Chris Petty, MFA '86, TREK Magazine UBC
Veterans of war often return home with unbearable memories and deep stress injuries. UBC and the Veterans Transition Network help light a path through the darkness.
Scenario 1: A soldier guarding a checkpoint outside Kandahar, Afghanistan, sees a young boy racing toward the barriers on a bicycle. A number of signs on the road warn against approaching the barrier – unidentified persons will be shot – but the boy ignores them. He’s 100 yards away, then 75, then 50. The soldier raises his gun. Is the boy wrapped in explosives? Once close enough, will he toss a grenade? The soldier has to think fast. If he doesn’t shoot and the boy is bent on destruction, he and his comrades will be killed. The soldier takes aim and begins to squeeze the trigger, but the boy veers off, waves, and rides up a side street.
Scenario 2: A soldier in a communications truck hears of a roadside bomb going off, killing and injuring soldiers on patrol. He immediately calls in for medical support, but is told the area is too dangerous, that a sniper has been spotted on a rooftop nearby. He orders a strike against the sniper, who is then cut in half by fire from a helicopter. The sniper, however, turns out to be an allied soldier who was guarding the scene from enemy fire.
Scenario 3: A soldier on patrol with a small group of comrades steps aside to adjust a piece of equipment and doesn’t notice a man rushing out of a nearby destroyed building. He flings a package at the soldiers and it explodes, killing one and injuring two others. Had the soldier not paused to adjust his rigging, he is sure he would have seen the man and stopped him.

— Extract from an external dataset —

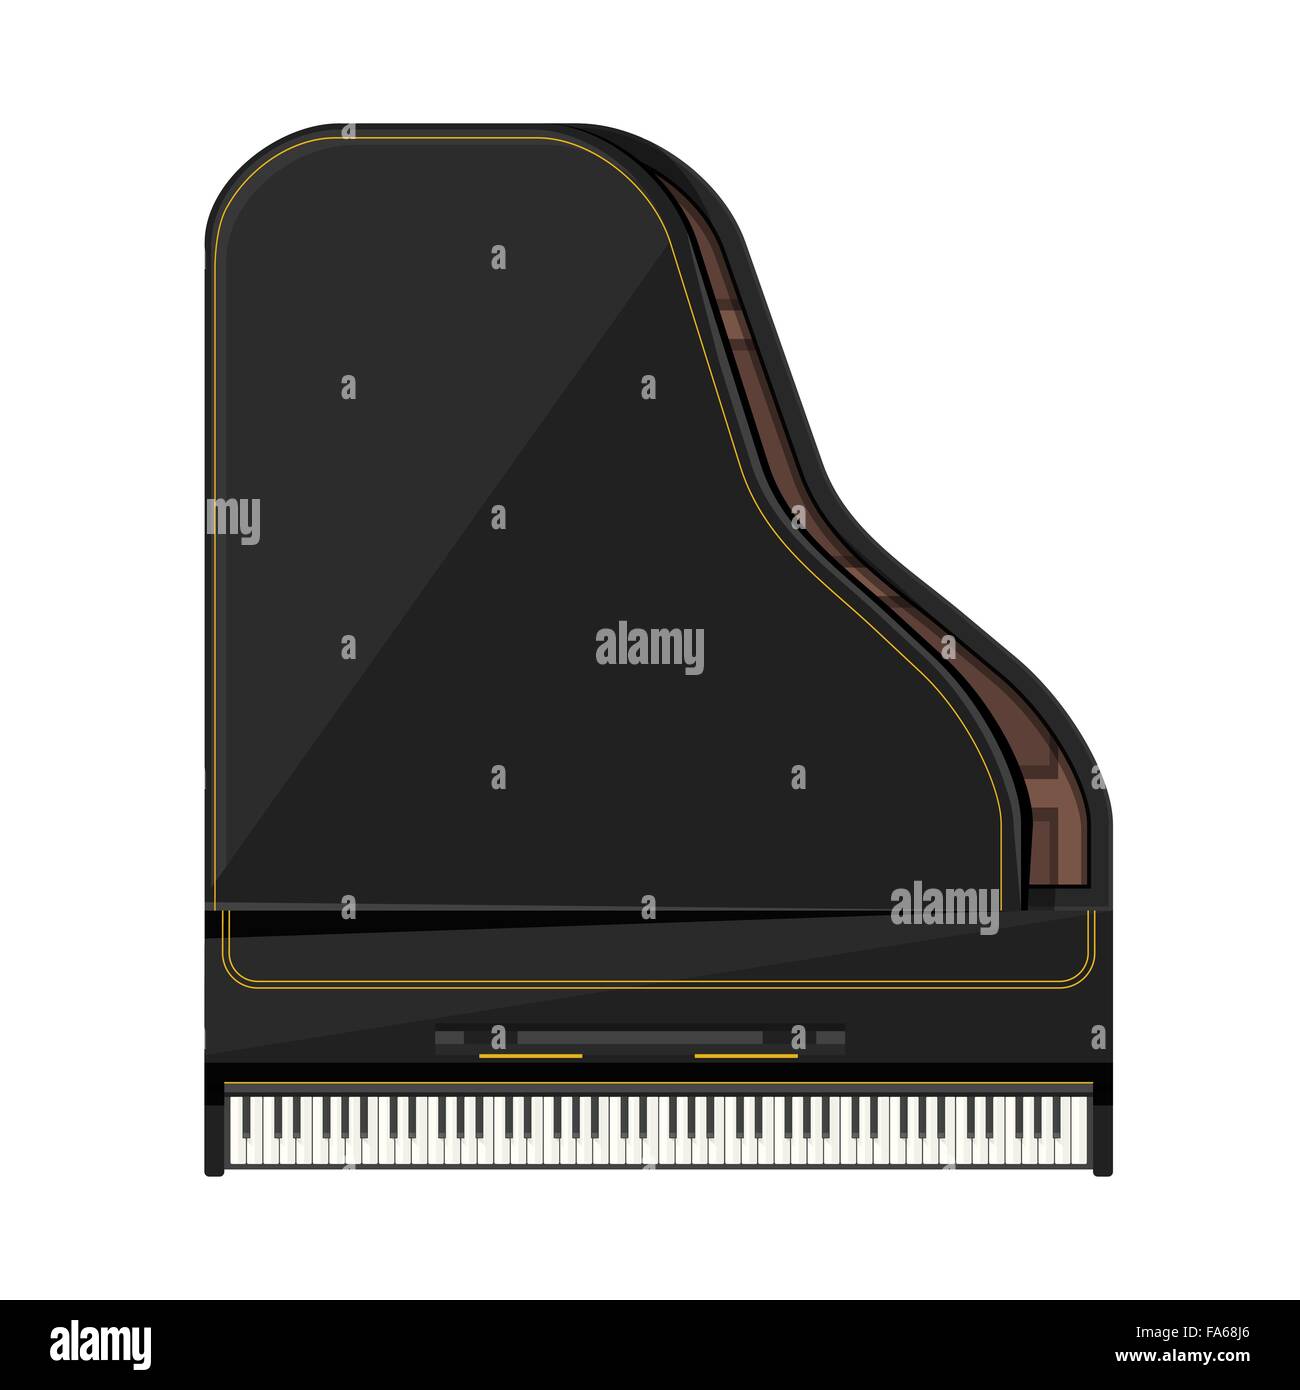 Couleur noir rayures or vecteur modèle plat grand piano illustration isolé sur fond blanc Vue de dessus Illustration de Vecteur

Experiences like these – and others even more horrific – are the scenes that bore into the minds of many returning soldiers and haunt them the rest of their lives. Constant thoughts of guilt, self-loathing and “why was I spared?” go hand in hand with triggers – sirens, loud, unexpected noises, or even a child crying in a grocery store – that can pull the vet back to the initial incident with startling realism. Adrenalin explodes in the vet’s brain, causing panic, disorientation and even thoughts of suicide. Normal, everyday life becomes an elusive concept.
Post traumatic stress disorder (PTSD) has become a common theme in 21st century life. Whether affecting residential school survivors, bank tellers who have experienced violent robberies, or people who have survived or witnessed gruesome accidents, PTSD is now recognized as a real and debilitating condition that can negatively impact a person for life.
More than 80 per cent of returning Canadian soldiers are deemed medically fit: they have no visible wounds or injuries. But men and women serving as soldiers in war situations are, as a group, some of the most frequent victims of PTSD in North America. Movies and novels tell us of the horrors of war, but it’s a rare piece of fiction that captures accurately what happens to the returning vet. Attempts such as the 1946 Oscar winner, The Best Years of Our Lives, and 1978’s Coming Home, deal with these issues, but miss the grim realities many soldiers experience.